Рядом с ней, прислонившись плечом к стене и скрестив руки на груди, стоял Чонгук. Его лицо было мрачным, но в глазах, устремлённых на Наби, не было ни ненависти, ни презрения. Только усталое, тяжёлое понимание. Он молчал, не делая попыток её утешить или удержать — просто был рядом, следя, чтобы она не навредила себе или другим.
Хёнджин подошёл к сестре и опустился перед ней на корточки. Его движения были медленными, осторожными, словно он боялся спугнуть дикого зверя.
— Наби, — позвал он тихо, и его голос дрогнул. — Наби, посмотри на меня.
Она не реагировала, продолжая раскачиваться и что-то шептать. Хёнджин протянул руку и мягко, почти невесомо коснулся её плеча.
— Наби, это я. Хёнджин. Твой брат. Мы поедем домой, хорошо? Ты устала. Тебе нужно отдохнуть.
На этот раз она вздрогнула и медленно, очень медленно подняла голову. Её глаза — покрасневшие, опухшие, — встретились с его, и в них на мгновение промелькнуло узнавание. А потом они снова затуманились, и она прошептала:
— Он ушёл… он ушёл из-за неё… из-за этой… он всегда уходит…
Хёнджин сглотнул и, подавив собственные слёзы, обнял её — осторожно, как хрупкую фарфоровую статуэтку.
— Всё будет хорошо, — прошептал он, гладя её по спутанным волосам. — Я с тобой. Я всегда с тобой.
Он помог ей подняться. Наби шла, спотыкаясь, словно во сне, и Хёнджин, поддерживая её за плечи, повёл к выходу. Проходя мимо Олли, он на мгновение остановился и встретился с ней взглядом. В его карих глазах стояли слёзы, но он не стыдился их.
— Прости, — прошептал он. — За неё. За всё.
Олли покачала головой.
— Ты не виноват, — ответила она тихо. — Позаботься о ней.
Хёнджин кивнул и, прижимая к себе сестру, вышел в ночь. Чонгук проводил их взглядом, потом перевёл его на Олли.
— Она больна, — произнёс он, и в его голосе не было вопроса. — Шизофрения. Параноидальная форма. Я видел такое раньше. Она, наверное, давно была на грани, а появление Олли стало триггером. Тэхён должен был заметить. Должен был что-то сделать.

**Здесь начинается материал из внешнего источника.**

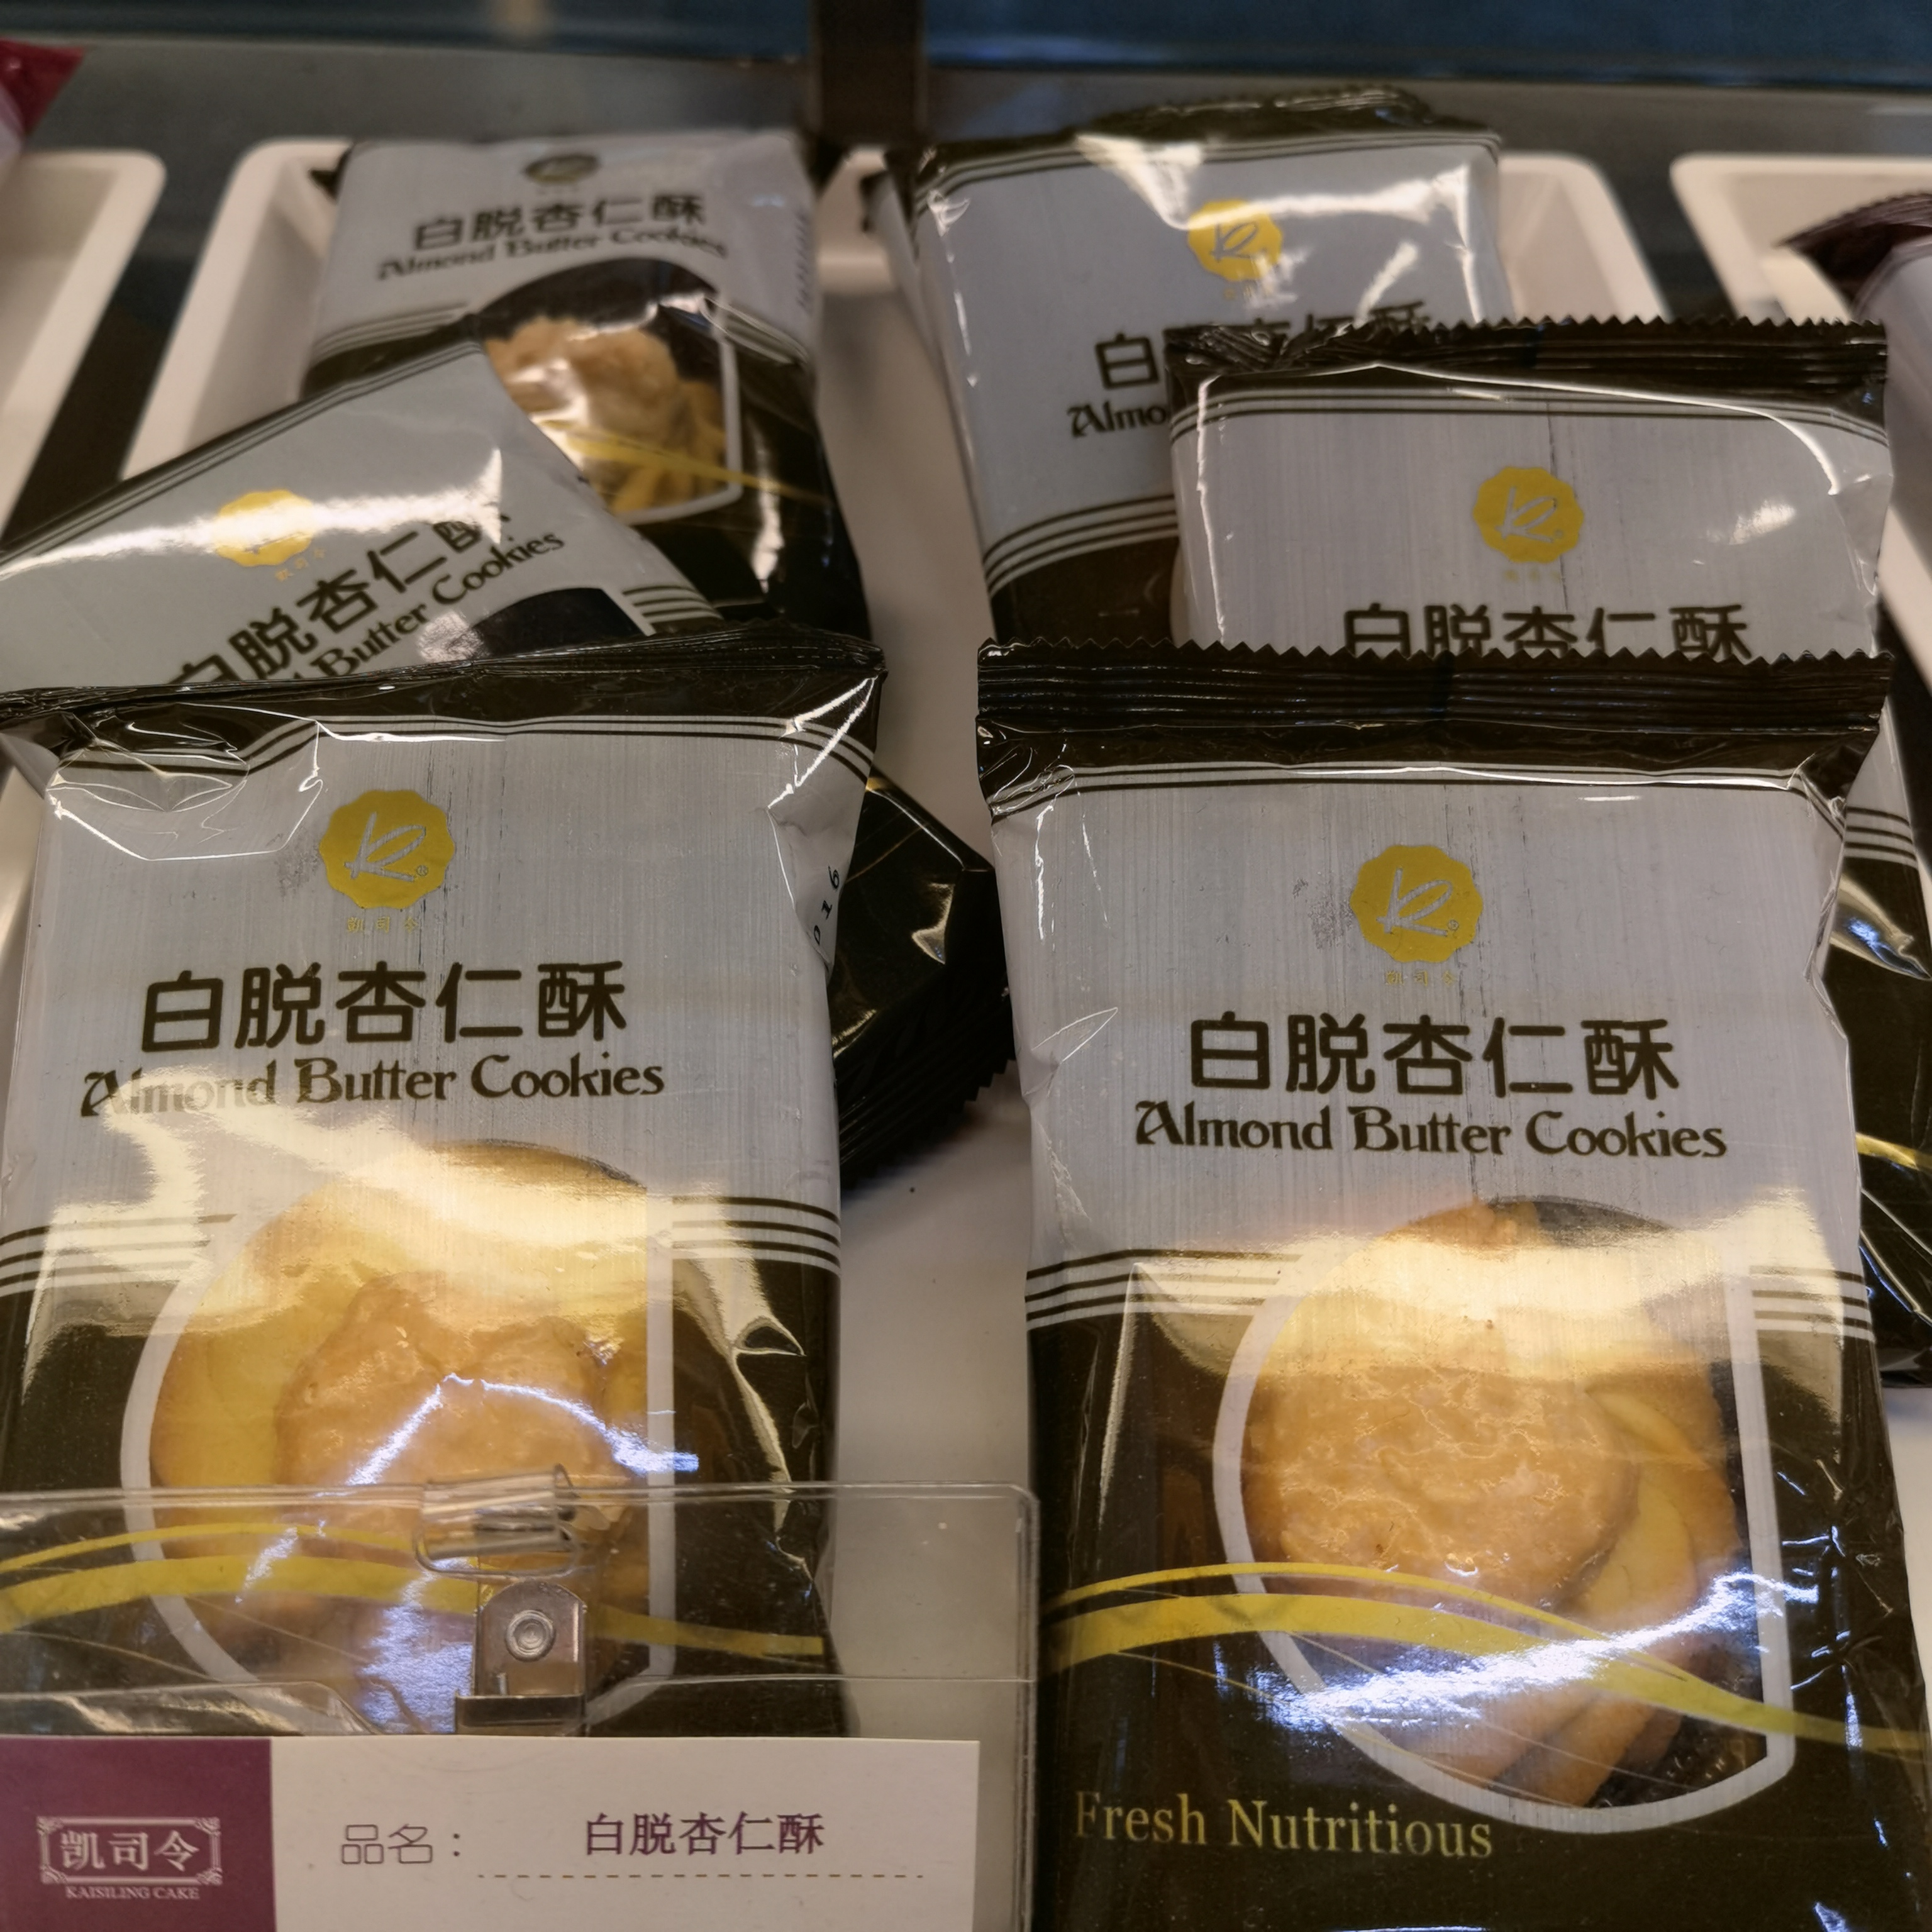 上海凯司令蛋糕白脱饼干系列花生杏仁蔓越莓巧克力传统糕点35g1个 - 图1

Он замолчал, и в его тёмных глазах промелькнула тень гнева — не на Наби, а на того, кто допустил, чтобы всё зашло так далеко.

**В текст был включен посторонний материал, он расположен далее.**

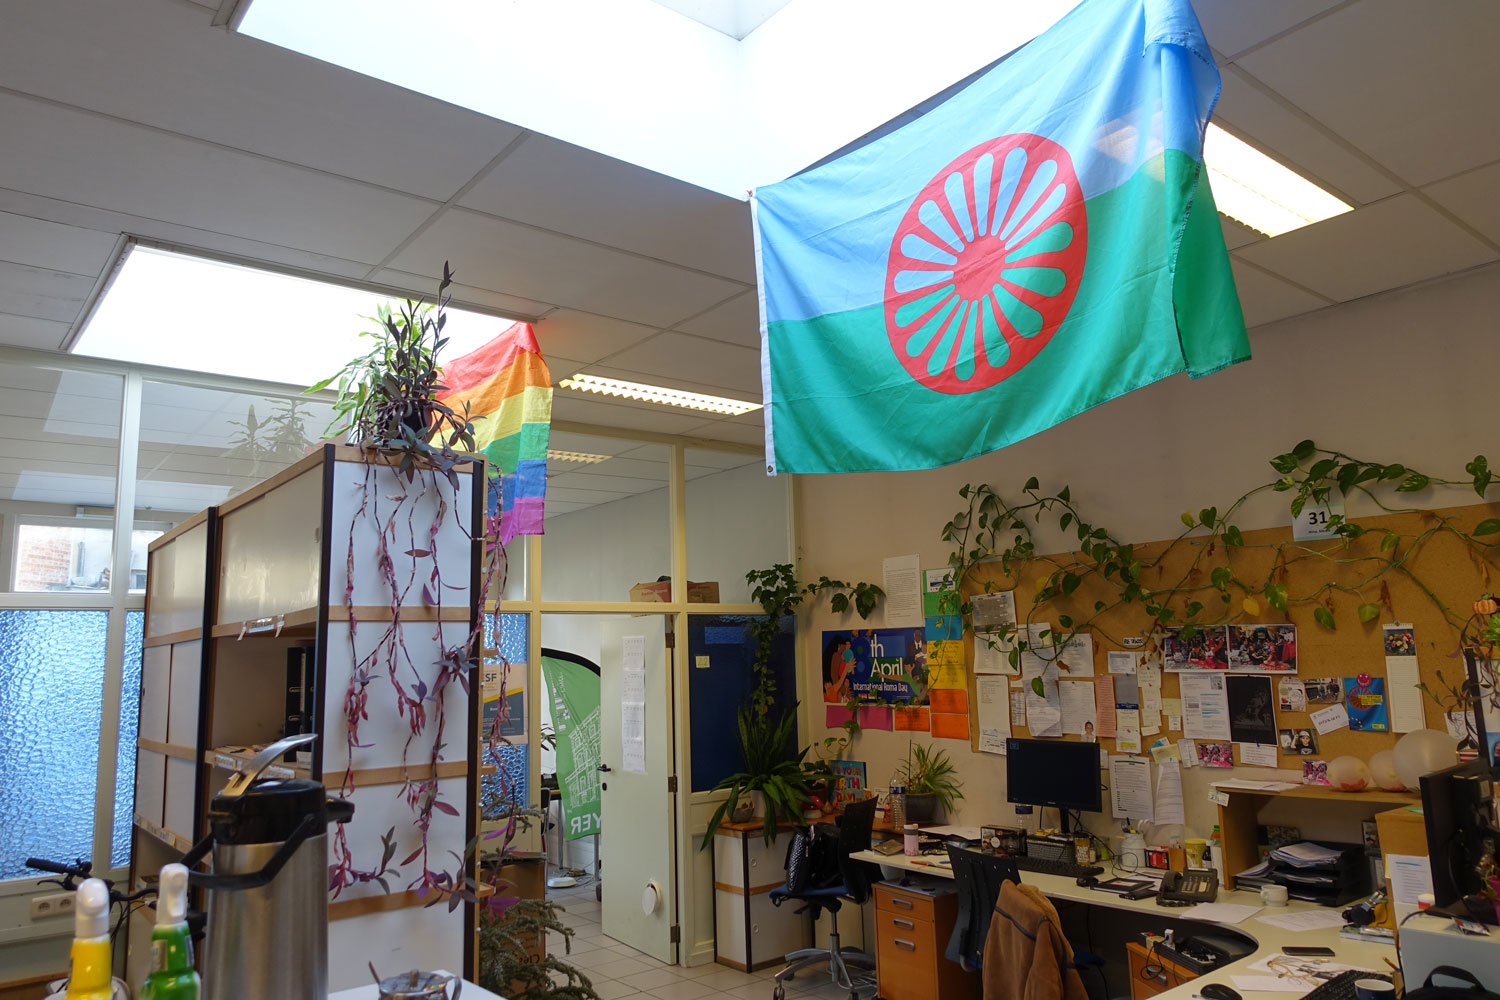 Le drapeau rom flotte au-dessus des bureaux © Globe Reporters

Олли стояла, глядя на опустевший коридор, и чувствовала, как внутри неё что-то медленно, неумолимо меняется. Наби пыталась её убить. Но она была больна. И эта болезнь, которую никто не лечил, разрушила её изнутри, превратив в одержимое, сломленное существо. Олли не знала, сможет ли она когда-нибудь простить. Но понять — поняла.
А где-то в ночи, на заднем сиденье машины Хёнджина, Наби, укутанная в его куртку, смотрела в окно невидящим взглядом и шептала одно и то же имя. И её брат, сжимая руль побелевшими пальцами, вёз её туда, где ей, возможно, смогут помочь. И молился всем богам, в которых не верил, чтобы было не слишком поздно.